Random fraud patterns used by organized fraud groups involve similar purchases as seen prior to 2008, but in a random pattern. "In 20089, the fraudsters have adapted to completely random fraudulent purchases to make pattern identification much more difficult," he notes. The fraudsters began showing up at random stores in random time patterns to make identification of a pattern difficult or impossible. "No two purchases would be made at the same merchant location in a several month period. No pattern of purchases at each exit as a group drives up a highway. The purchases were at the same chain merchant stores of the same items, but now in a random pattern," he explains.

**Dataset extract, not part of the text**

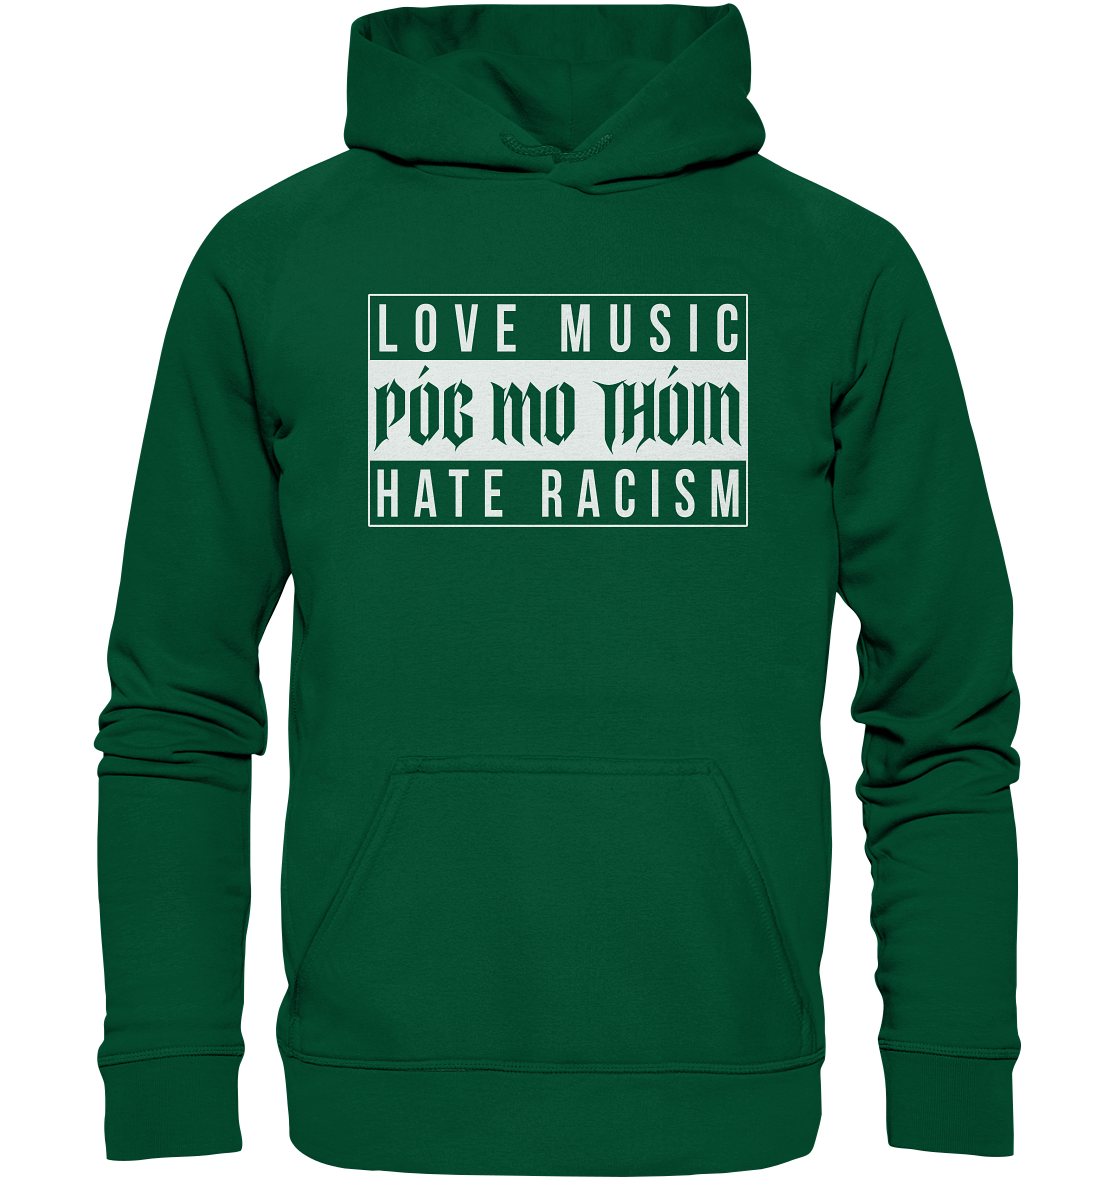 Póg Mo Thóin Streetwear "Love Music Hate Racism" - Basic Unisex Hoodie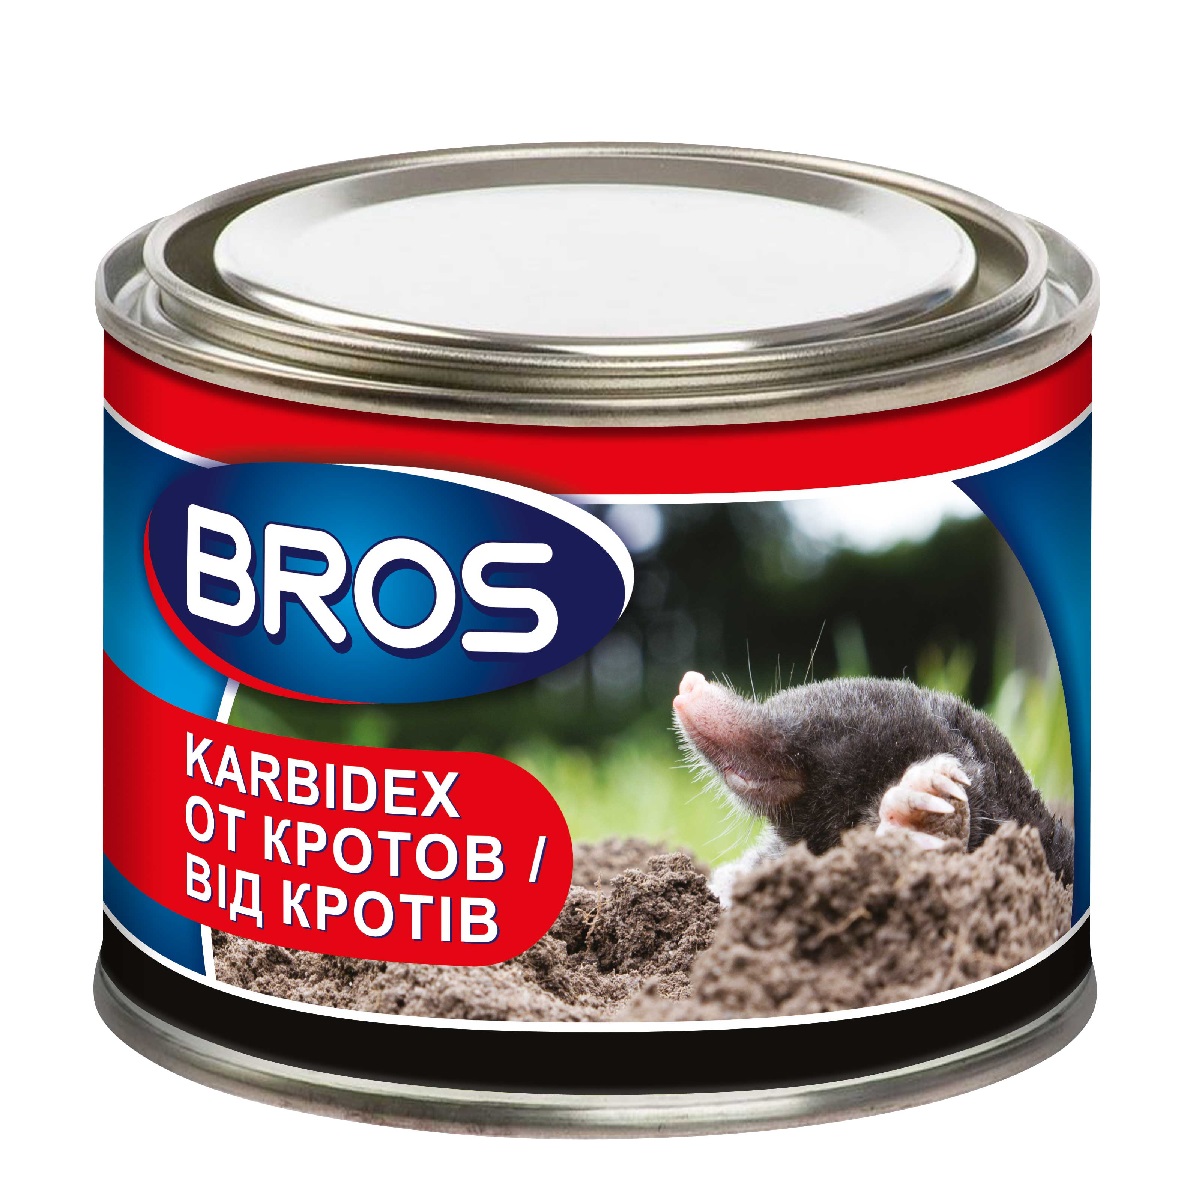 Средство для отпугивания кротов Karbidex Bros 500 г / Брос

#12 -- Foreclosure Prevention Schemes

This doesn't hit a financial institution directly, but if an institution holds mortgages for "troubled" homeowners, this is a scheme you need to be on the lookout for, says Denise James, market planning director Lexis Nexis' Residential Mortgage Solutions. These foreclosure prevention schemes generally involve fraudsters posing as professional, knowledgeable foreclosure specialists. Homeowners facing the threat of foreclosure and nearing eviction are contacted by these "foreclosure specialists" who promise to work out their loan problems or buy their home and offer the homeowners tenancy. "Unfortunately for the homeowner, the fraudster has no intention of following through with these promises and instead will manipulate the homeowner into deeding the property to them," James says.

#13 -- Builder Bail-Out Fraud

This fraud involves securing funds for condominium conversion or planned community development properties that, unbeknownst to the investor (financial institution), will not be completed, says Butts of the Mortgage Asset Research Institute. The scams entail multiple purchases from would-be investors or false identities on fabricated loan transactions. "Investors are lured by photos or inspections of a few converted units used as models with promises of further rehabilitation of remaining units. Once the contracts are in place, the fraud continues as the perpetrator secures funding for the contracts," Butts explains. However, she adds, no additional work is done and the investors and lenders are left with incomplete and, in some cases, uninhabitable dilapidated buildings. (Full text at www.bankinfosecurity.com)


To learn more about Identity Theft and what to do if you are a victim, visit www.StopIdTheftCrime.com and subscribe to the newsletter to obtain your free 46 page eBook "Fighting Back Against Identity Theft".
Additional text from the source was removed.